La precisione di localizzazione (σSMLM) di una molecola bersaglio nella microscopia di localizzazione di singola molecola ad ampio campo (SMLM)15 è in definitiva e fondamentalmente limitata dal numero di fotoni (N) raccolti per evento di lampeggiamento: \({\sigma }_{{\rm {SMLM}}}\about \frac{{\sigma }_{{\rm{DIFF}}}}{\sqrt{N}}\) (σDIFF è la sd della funzione di diffusione dei punti (PSF) del sistema ottico sistema di imaging16; Fig. 1a). Localizzazioni multiple dello stesso target (Fig. 1b, in alto) sono distribuite attorno alla posizione reale a causa della loro precisione finita. Due o più punti non risolvibili da SMLM producono distribuzioni sovrapposte di localizzazioni, precludendo così l'assegnazione univoca delle localizzazioni ai rispettivi obiettivi (Fig. 1b, in basso). Tuttavia, se ciascuna localizzazione potesse essere assegnata a un target specifico tramite colore, codice a barre o qualsiasi altra identità molecolare, questi potrebbero essere raggruppati in modo inequivocabile per target2.

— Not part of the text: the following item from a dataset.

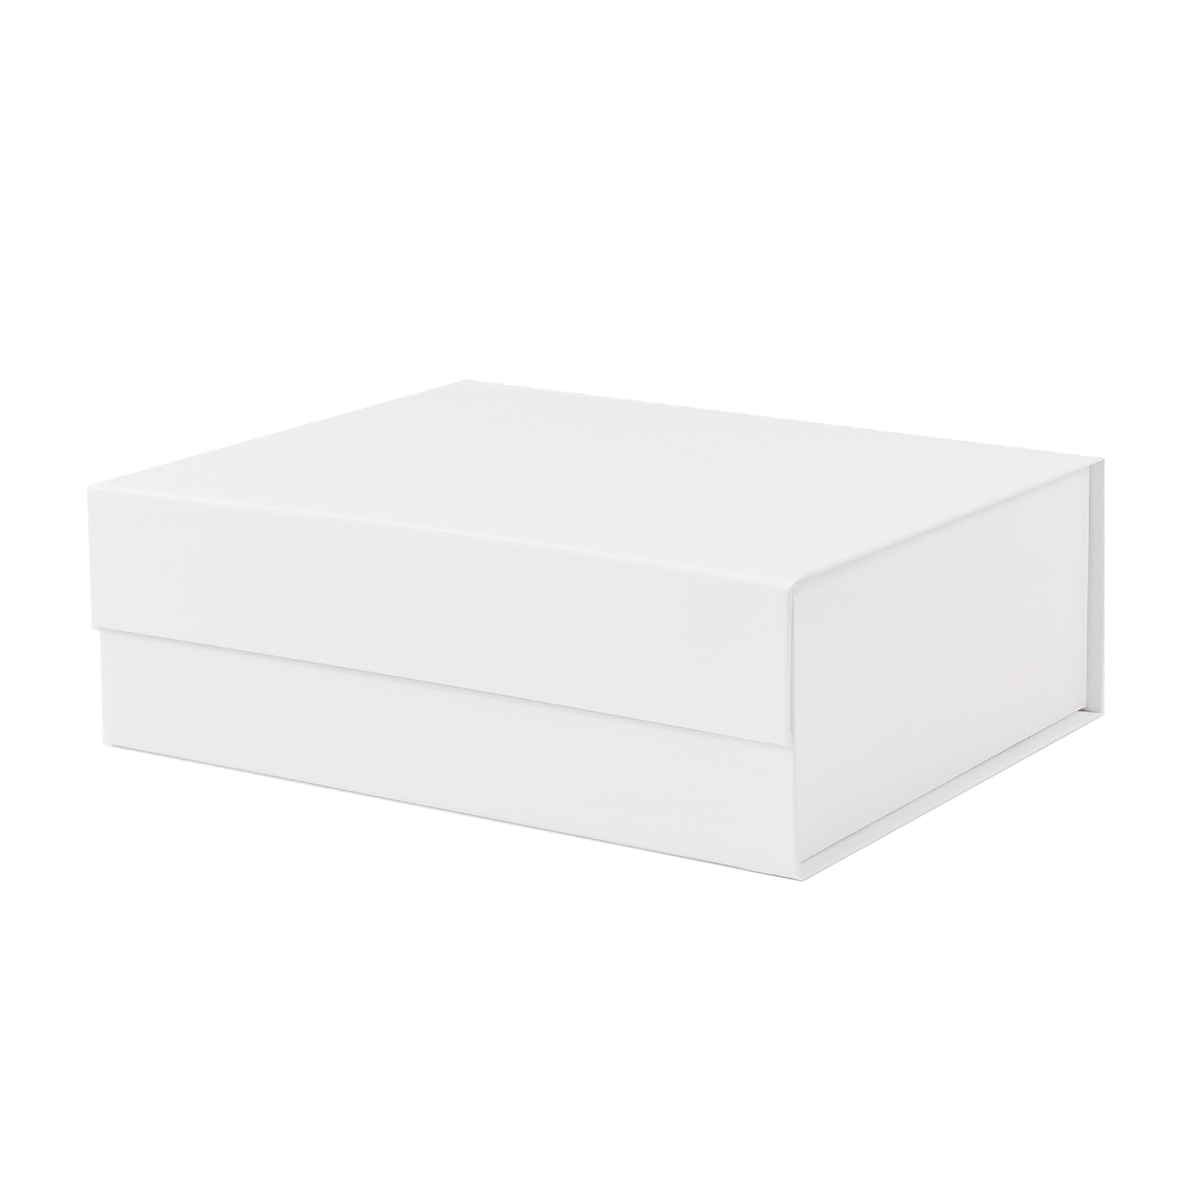 Sample  - White Medium Rectangle Magnetic Gift Box

a, In SMLM, σSMLM di un singolo colorante scala con \(\frac{{\sigma }_{{\rm{DIFF}}}}{\sqrt{N}}\), limitando in definitiva la risoluzione spaziale ottenibile. b, gli approcci SMLM come DNA-PAINT presentano una risoluzione spaziale di circa 10 nm (risoluzione approssimata come larghezza intera a metà massimo ≈ 2,35 σSMLM). Mentre i target separati da 20 nm (d1) possono quindi essere risolti di routine, gli oggetti distanziati di 2 nm (d2) sono irrisolvibili perché le risultanti distribuzioni delle localizzazioni si sovrappongono. c, utilizzando sequenze di DNA ortogonali (blu e verde) e acquisizione sequenziale come in Exchange-PAINT, è possibile assegnare in modo inequivocabile per ciascun target le localizzazioni da target distanziati più ravvicinati rispetto al limite di risoluzione SMLM. d, La combinazione di tutte le localizzazioni per target (K) per ogni ciclo di imaging migliora la precisione della localizzazione da sd (σSMLM) a sem (σRESI). e, Poiché la super-risoluzione ha rivoluzionato la microscopia a fluorescenza, RESI si traduce in un altro cambiamento di paradigma riapplicando il concetto di localizzazione ai dati in super-risoluzione. f, La precisione di localizzazione nelle scale RESI con \(\frac{1}{\sqrt{K}}\), e quindi il miglioramento della risoluzione in RESI è indipendente da σSMLM, raggiungendo la precisione di localizzazione sulla scala Ångström.